Hundreds of coffee estate labourers from Assam and West Bengal stuck in ‘no man’s land’

Kodagu accounts for 1,07,089 hectares of the 2,44,785 hectares coffee plantations in Karnataka. Now, over 41,526 hectares of coffee plantations have been destroyed in Kodagu. With the top soil and all nutrients lost due to landslides, the existing land is of little use to the owner.

While coffee plantation owners and landlords who have lost vast swathes of land due to floods and landslides in Kodagu are piecing together their lives bit-by-bit, trying to start from a scratch, landless labourers, tribals and migrant workers from places like Assam and West Bengal are staring at bleak future.
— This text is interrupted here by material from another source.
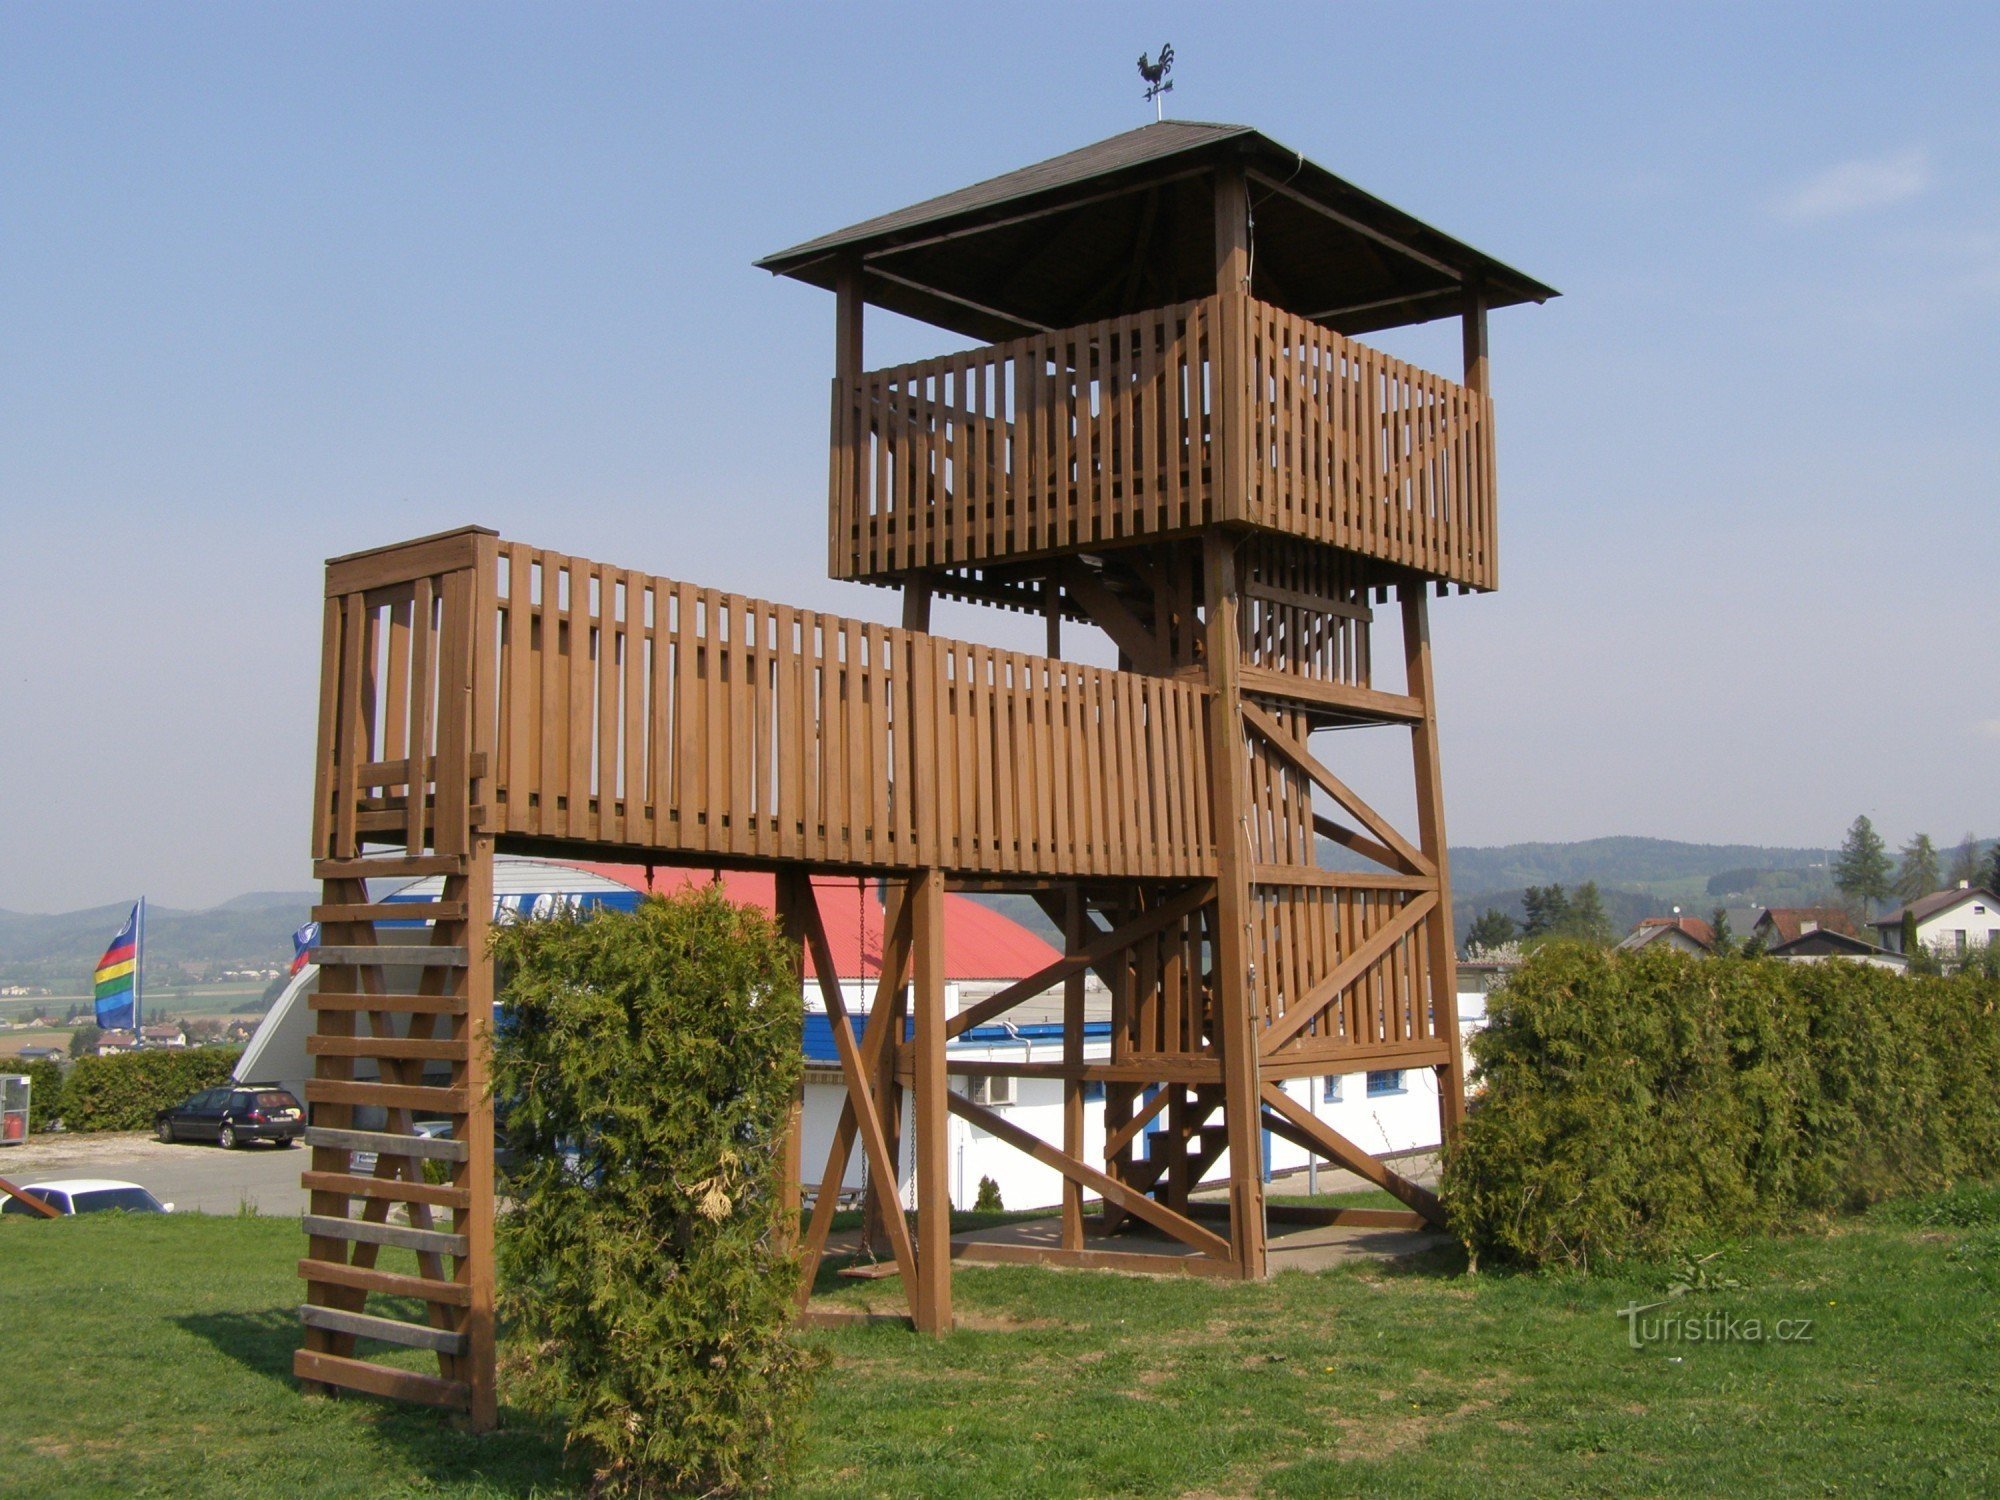 wooden lookout tower near Rtyn in Podkrkonoší

Still housed at various relief camps, these people do not have anywhere to go. While their children run around in the narrow verandas of a Government School where a relief camp has been set up, a group of older men and women squat on the steps of the building indulging in deep conversation about their future.
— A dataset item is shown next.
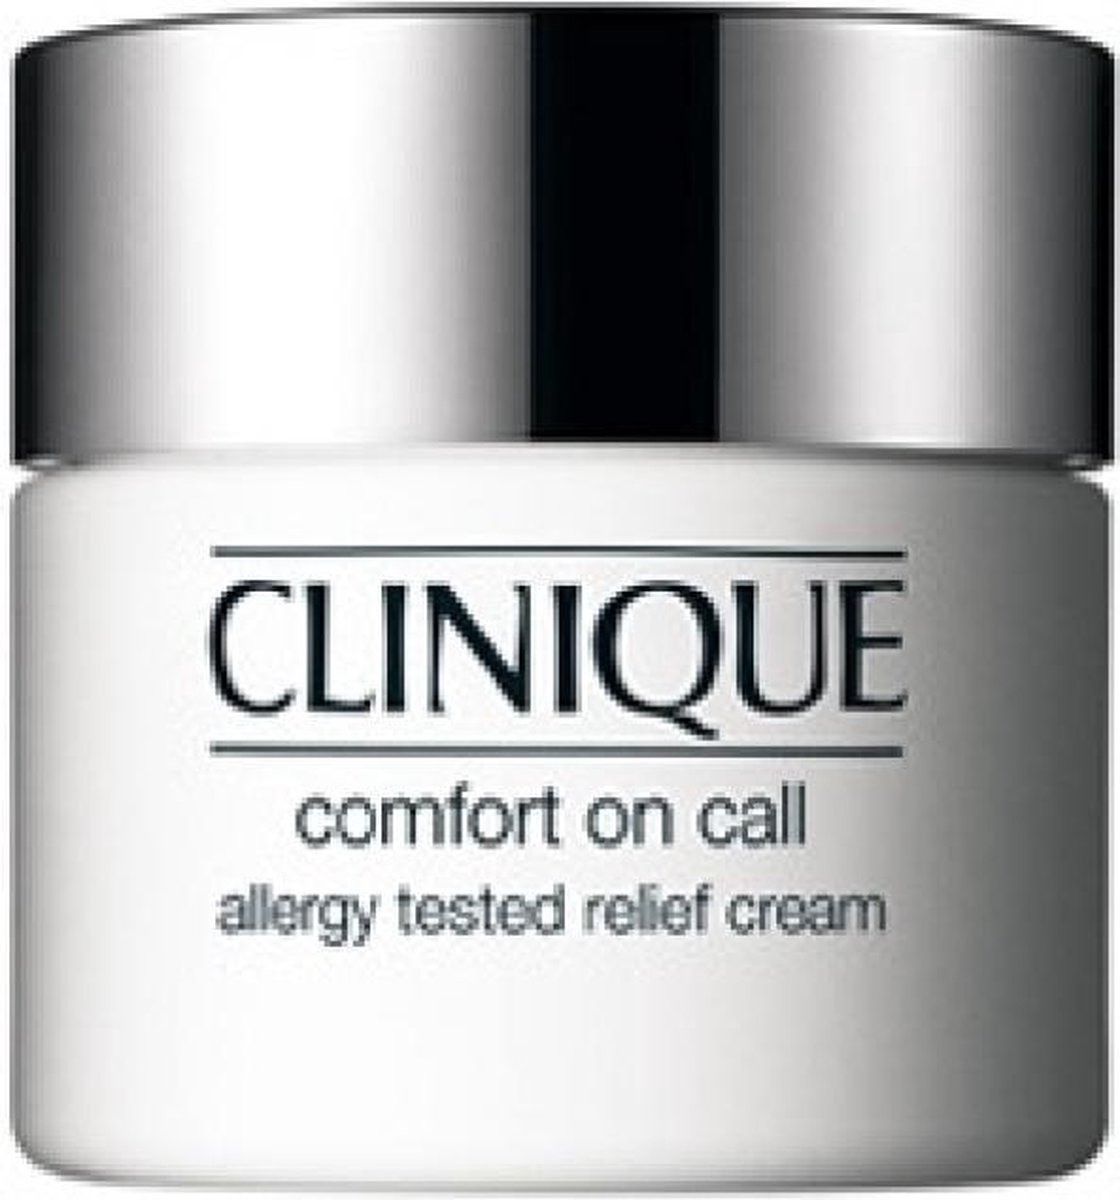 Clinique Comfort Call Allergy Relief Cream gezichtsreiniging & reiniging crème bol.com

There are hundreds of people from Assam, West Bengal and even Bangladesh who had come to Kodagu two to three years back to work in coffee estates. They have tagged along their families as the requirement is large in labour-short Kodagu. They were rather leading a comfortable lives within the confines of coffee estates in the line houses provided by their estate owners.

However, their lives were literally displaced as thousands of acres of coffee estates were washed away in landslides where mountains came crashing and earth caved-in. Their services were greatly valued as Kodagu faces a severe shortage of labour especially during coffee picking season. As fate willed it, now they are unwanted resources. Even the District Administration seems to have washed its hands off when it comes to these migrant workers.

Officers manning the relief centres told Star of Mysore that they would ask the coffee planters to take back the workers. But if they refuse, the migrant workers have no choice but to return to their native places. “We cannot force the landlords to take back the workers as they themselves are staring at uncertain future as their estates are buried deep under soil,” said a Panchayat Development Officer (PDO).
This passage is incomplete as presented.